Mr Bloom says NYU Abu Dhabi has proved it is possible to incorporate the potential of “building bridges across a fractured world” into educational excellence – a “revolutionary historic innovation”.

Despite the long history of American, British and European exports of great universities, he says: “None of it was with the sense, because you didn’t need it then, of education for leadership of a global world.”

Perhaps the best example of the quality of this international collaboration comes is an exceptional multinational research project.

An NYU Abu Dhabi team’s efforts to find a way to produce more efficient energy to move the third world out of debt earned it the Hult prize, an international competition to solve the planet’s biggest challenges.

“There was one Taiwanese student, one Chinese student, one Indian student and one Pakistani student,” Mr Bloom says.

“I didn’t arrange that, but that’s what naturally happened.”

The team developed a solar energy cell, which was easy to use and maintain. After researching in Ethiopia and Kenya, they won the World Championship as second-year students, beating many graduates.

They were awarded US$300,000 (Dh1.1 million) by Bill Clinton to implement the project across the Sub-Saharan region.

For their ability to transcend cultural differences, Mr Clinton wrote a piece for Time magazine mentioning the team as one of “the most significant reasons for optimism in the 21st century”.

“And so, if you want to ask me what is totally amazing about this place, it’s those students, tutored by those faculty, who are already leaders of bringing people together.

“I call them ‘agents of common humanity’ because they see across difference what is similar in all of us: psychologically; conceptually; linguistically; emotionally; how much we want security; admiration and affection; how much we want meaning; how much we want opportunity; how much we want beauty.”

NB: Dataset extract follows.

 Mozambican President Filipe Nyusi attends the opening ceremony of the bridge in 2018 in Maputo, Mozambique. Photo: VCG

But as aware as he is of NYU Abu Dhabi’s successes, Mr Bloom does not shy from hard-hitting questions.

When asked what was one of the university’s largest concerns at one point, he says: “There was controversy over whether we could make sure that the people who worked for us on the campus, or in constructing the campus, were treated at a level that we really believed was right.”

Mr Bloom says the university has answered even these questions, by working with local partners to raise the bar on workers’ rights.

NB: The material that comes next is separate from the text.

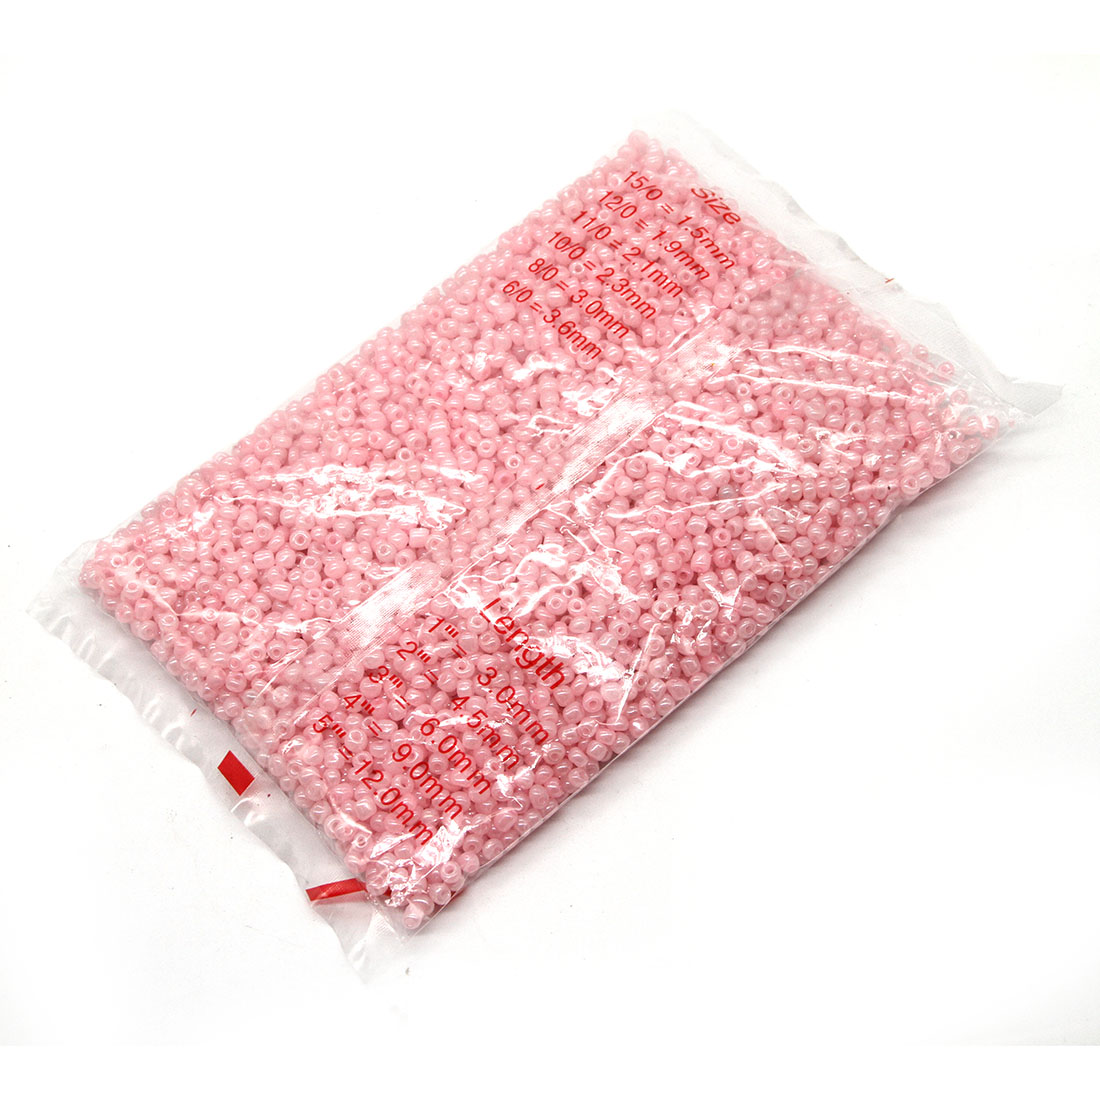 Korean powder 3mm 10,000 packs

“I think that there as well we have made very remarkable progress, signing an agreement that became public on what are the minimum standards that we and the Government together hold for the way in which workers should be treated.

“If there were some infractions we will find them out, we will rectify them. We have rectified a few but I’m not sure if those allegations have much weight at all.

“But I am sure that, even in that area, the idea of establishing shared labour values and sticking to them and monitoring them – not only us, but our joint partnership with the Government – has been phenomenally important.”

The NYU Abu Dhabi project is, he asserts, a testament to the power of partnerships and what can be achieved by like-minded visionaries. The university is funded by Abu Dhabi, although it is run by NYU.

“John Sexton [university president] came in and said NYU is going to be the leading American university to provide a global vision, to provide a global network of institutions and in it should be one in the Middle East, and he created this one with Sheikh Mohammed [bin Zayed, Crown Prince of Abu Dhabi and Deputy Supreme Commander of the Armed Forces].”

The new Saadiyat Island campus, he says, is a “fantastic concrete and glass example of it – not only the buildings, but the vision of it and the sense of exuberance and possibility that it represents”.

Strolling across a well-lit courtyard, designed to capture a cool breeze, Mr Bloom reflects: “Yes, people were concerned that this couldn’t happen; it couldn’t happen so far away from NYU; it couldn’t happen so far away form the traditional centres of hegemony in academic life.

“And yet we have this record of success which has been just amazing. Now we have to keep it of course,” he laughs.